# Work request:
Print out every line of the material exactly. Include no pictures.

# Supplied material:
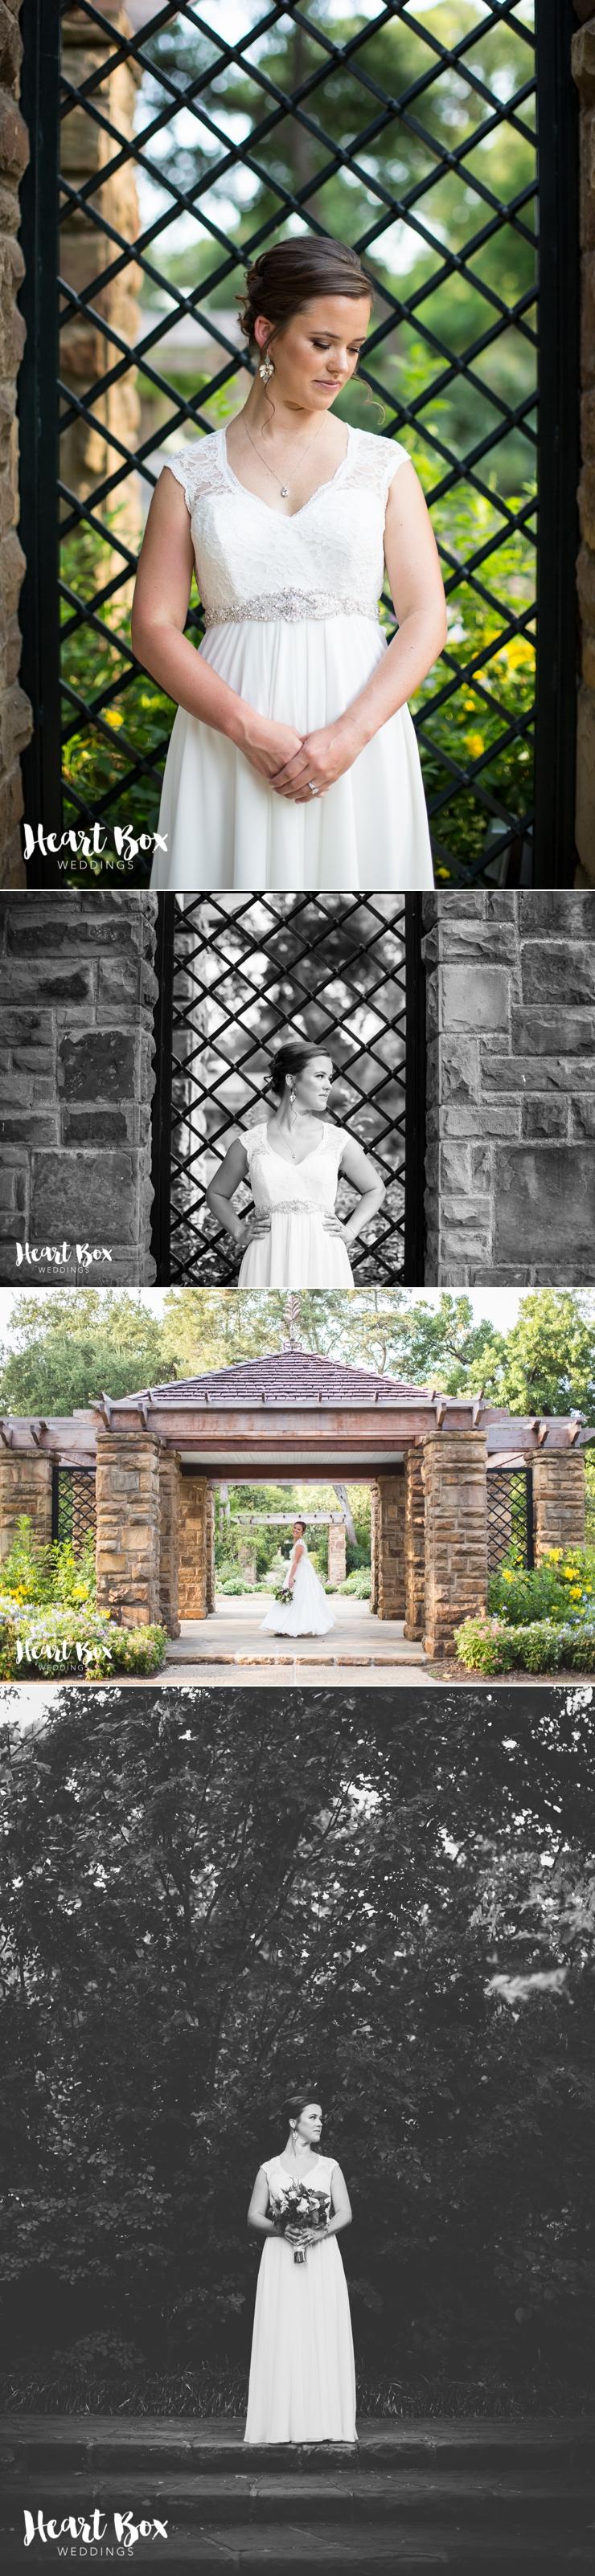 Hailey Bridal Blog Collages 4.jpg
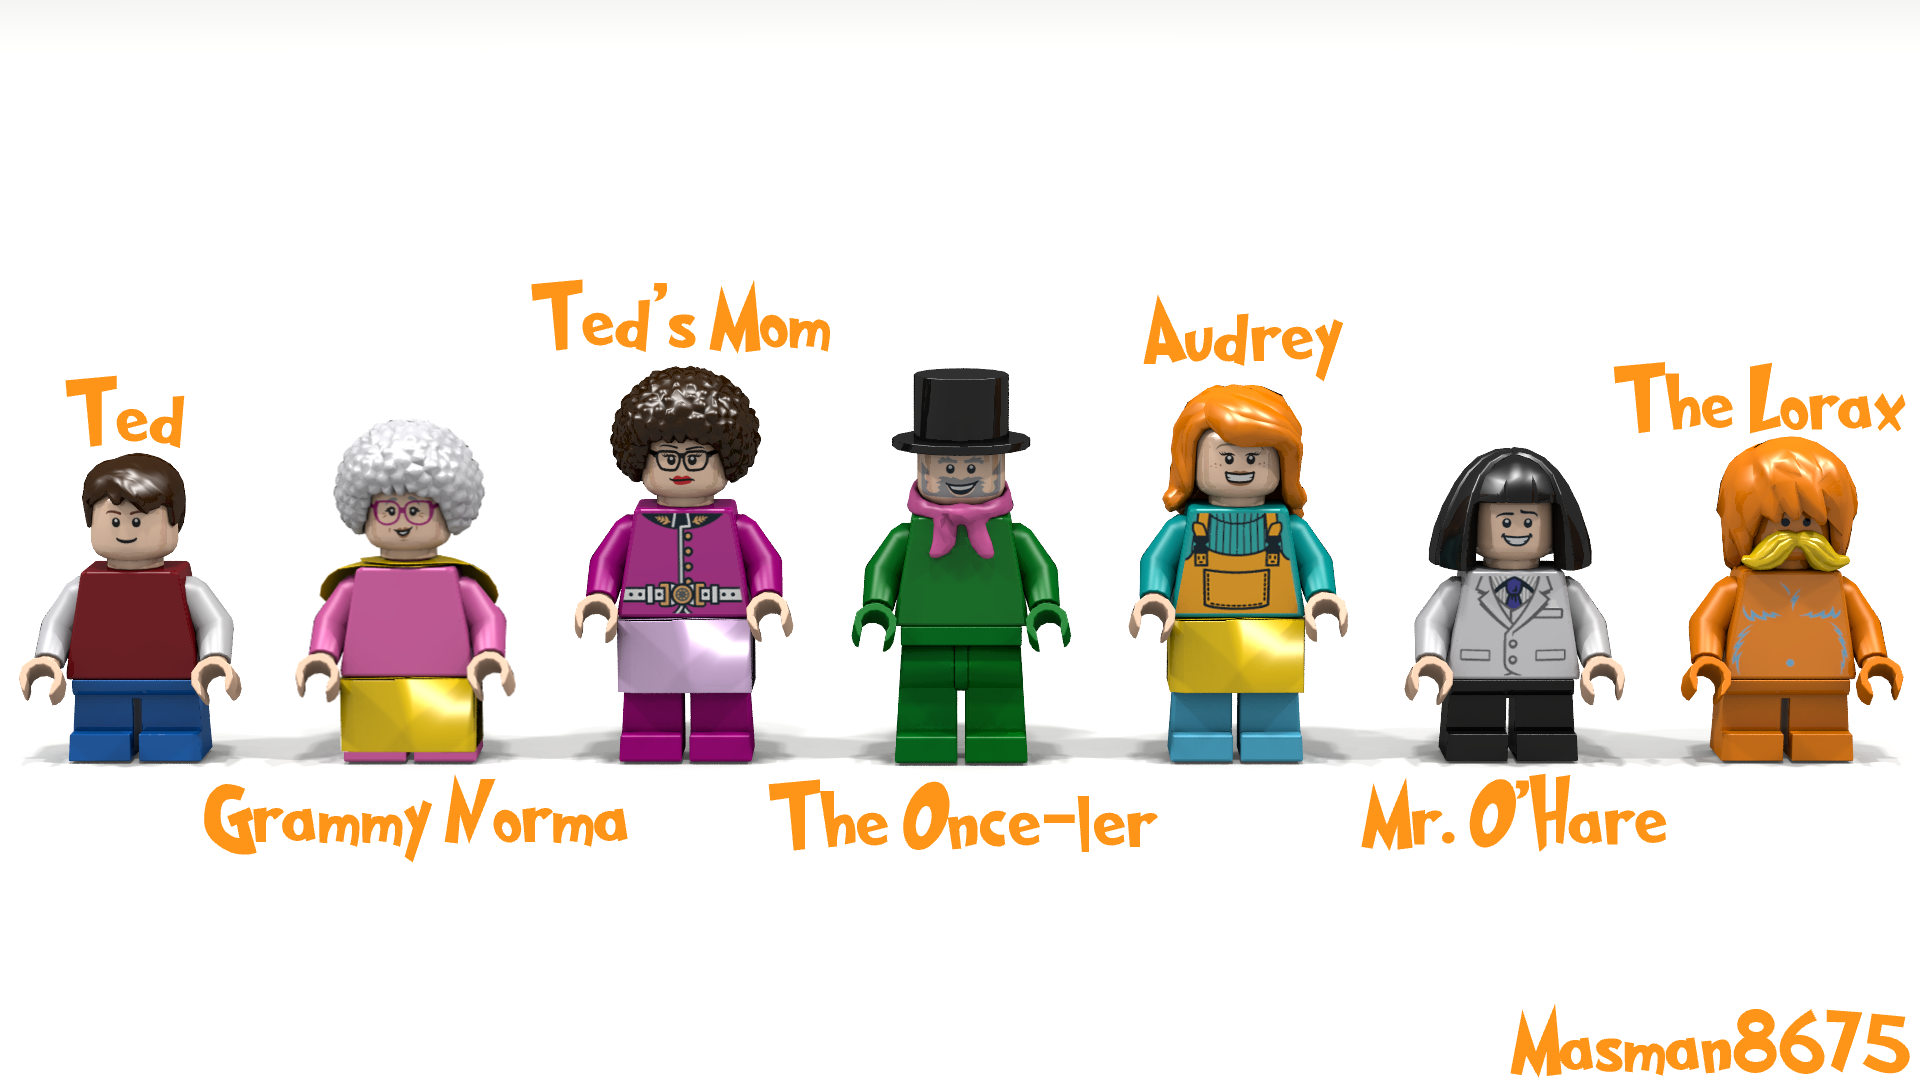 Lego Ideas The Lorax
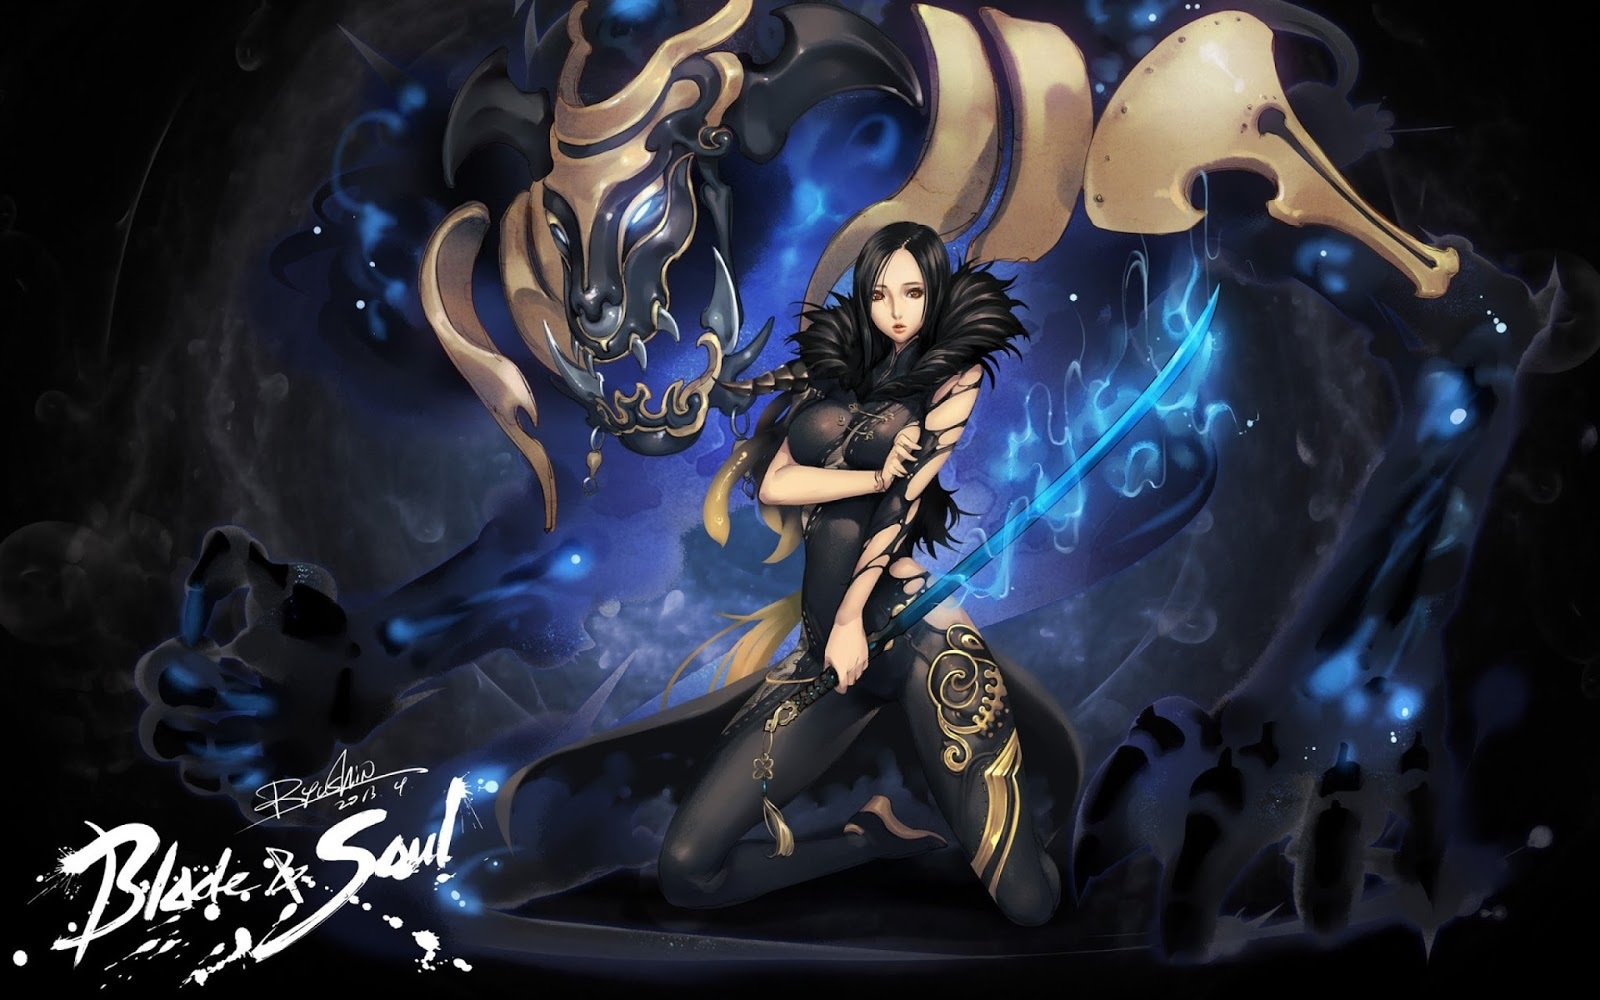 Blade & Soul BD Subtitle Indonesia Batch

# Your response:
 Hailey Bridal Blog Collages 4.jpg
 Lego Ideas The Lorax
 Blade & Soul BD Subtitle Indonesia Batch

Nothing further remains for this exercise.